Tecnologias de vigilância para controle social são o capital político dessas empresas.
Rastreando…
Estamos falando do “gerenciamento algorítmico” das plataformas que molda comportamentos. Sem transparência nos critérios dos sistemas de moderação e recomendação nas redes sociais, por exemplo, não há como compreender o grau de persuasão que os algoritmos exercem sobre usuários de internet.
O consumo exagerado e superficial de conteúdo rápido e raso, de baixa qualidade nas mídias digitais, levou o Dicionário Oxford a reconhecer brain rot, “cérebro apodrecido” em tradução simples, como termo do ano [23] [24]. Não existem evidências do “apodrecimento” do cérebro. O reconhecimento do termo expressa, na realidade, a ansiedade que desenvolvemos na relação com dispositivos online e o desperdício desmedido de tempo com futilidades.
Para o jornalista e professor Carlos Castilho, estamos perdendo a capacidade de perceber a realidade com o avanço desse tipo de alienação [25]. Como há muitas opiniões e percepções compartilhadas, visões de mundo pessimistas e estratégias políticas de viés autoritário, esse cenário é fértil para a produção de formas alternativas de fantasiar os fatos.
Viver em um universo ideal, uma realidade paralela, tem se tornado um fenômeno psicológico que ganha adeptos especialmente entre jovens [26]. Evitar notícias também é outro fenômeno que reflete, entre outras coisas, cansaço pelo consumo de informações consideradas excessivamente negativas por mostrar exclusivamente as mazelas sociais e nossa impotência diante dos desafios que enfrentamos [27].
Essas questões comportamentais têm relação com decisões a respeito de como regular a liberdade de expressão e manter parâmetros de integridade para informações que consumimos.
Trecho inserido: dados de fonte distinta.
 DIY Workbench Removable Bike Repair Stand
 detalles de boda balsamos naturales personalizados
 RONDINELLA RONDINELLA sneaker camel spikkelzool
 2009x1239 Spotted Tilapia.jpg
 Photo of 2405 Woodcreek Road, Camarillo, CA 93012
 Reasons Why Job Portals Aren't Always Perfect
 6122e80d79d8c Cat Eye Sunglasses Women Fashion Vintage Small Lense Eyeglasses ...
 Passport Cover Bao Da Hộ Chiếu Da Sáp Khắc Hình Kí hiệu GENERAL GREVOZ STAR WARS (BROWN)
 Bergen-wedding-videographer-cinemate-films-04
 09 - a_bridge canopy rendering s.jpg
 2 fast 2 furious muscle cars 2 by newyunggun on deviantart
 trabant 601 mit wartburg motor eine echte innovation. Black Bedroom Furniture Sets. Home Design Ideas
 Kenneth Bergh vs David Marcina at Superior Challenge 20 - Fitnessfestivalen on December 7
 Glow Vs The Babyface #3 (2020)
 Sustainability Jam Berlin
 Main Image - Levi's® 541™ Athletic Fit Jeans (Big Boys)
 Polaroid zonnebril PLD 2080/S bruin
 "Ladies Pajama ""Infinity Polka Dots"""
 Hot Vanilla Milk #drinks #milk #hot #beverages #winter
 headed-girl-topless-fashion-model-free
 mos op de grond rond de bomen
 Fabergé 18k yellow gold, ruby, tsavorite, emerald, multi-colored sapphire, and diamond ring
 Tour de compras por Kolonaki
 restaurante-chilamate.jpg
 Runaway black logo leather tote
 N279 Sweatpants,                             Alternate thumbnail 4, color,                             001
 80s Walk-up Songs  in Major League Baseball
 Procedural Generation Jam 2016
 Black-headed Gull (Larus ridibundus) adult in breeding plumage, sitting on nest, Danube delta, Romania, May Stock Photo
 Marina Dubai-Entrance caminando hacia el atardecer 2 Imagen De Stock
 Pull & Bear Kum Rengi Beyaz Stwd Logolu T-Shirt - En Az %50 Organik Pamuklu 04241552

Como tendemos a confirmar nossas crenças com “evidências” alternativas, o “gerenciamento algoritmo” das plataformas é persuasivo em não recomendar o que pode refutá-las [28].
A qualidade do discernimento entre o engano e a veracidade tem um certo grau de correspondência com o nível de enraizamento de nossas crenças. Quanto mais enraizada a percepção de uma realidade imaginada, menor a capacidade de reconhecer o que é equivocadamente visto como verdade [29] [30].
Narrativas oficiais estigmatizando o trabalho de quem se propõe a produzir informação verificada, baseada em fatos e sustentada na diversidade de versões em que se pode confiar promovem a dispersão de um quadro comum no qual podemos confrontar interpretações sobre a realidade [31].
Judicializar a liberdade de expressão, vigiar e controlar comportamentos sociais e estigmatizar a veracidade são riscos que a intimidade entre as big techs e os poderes políticos não esconde mais.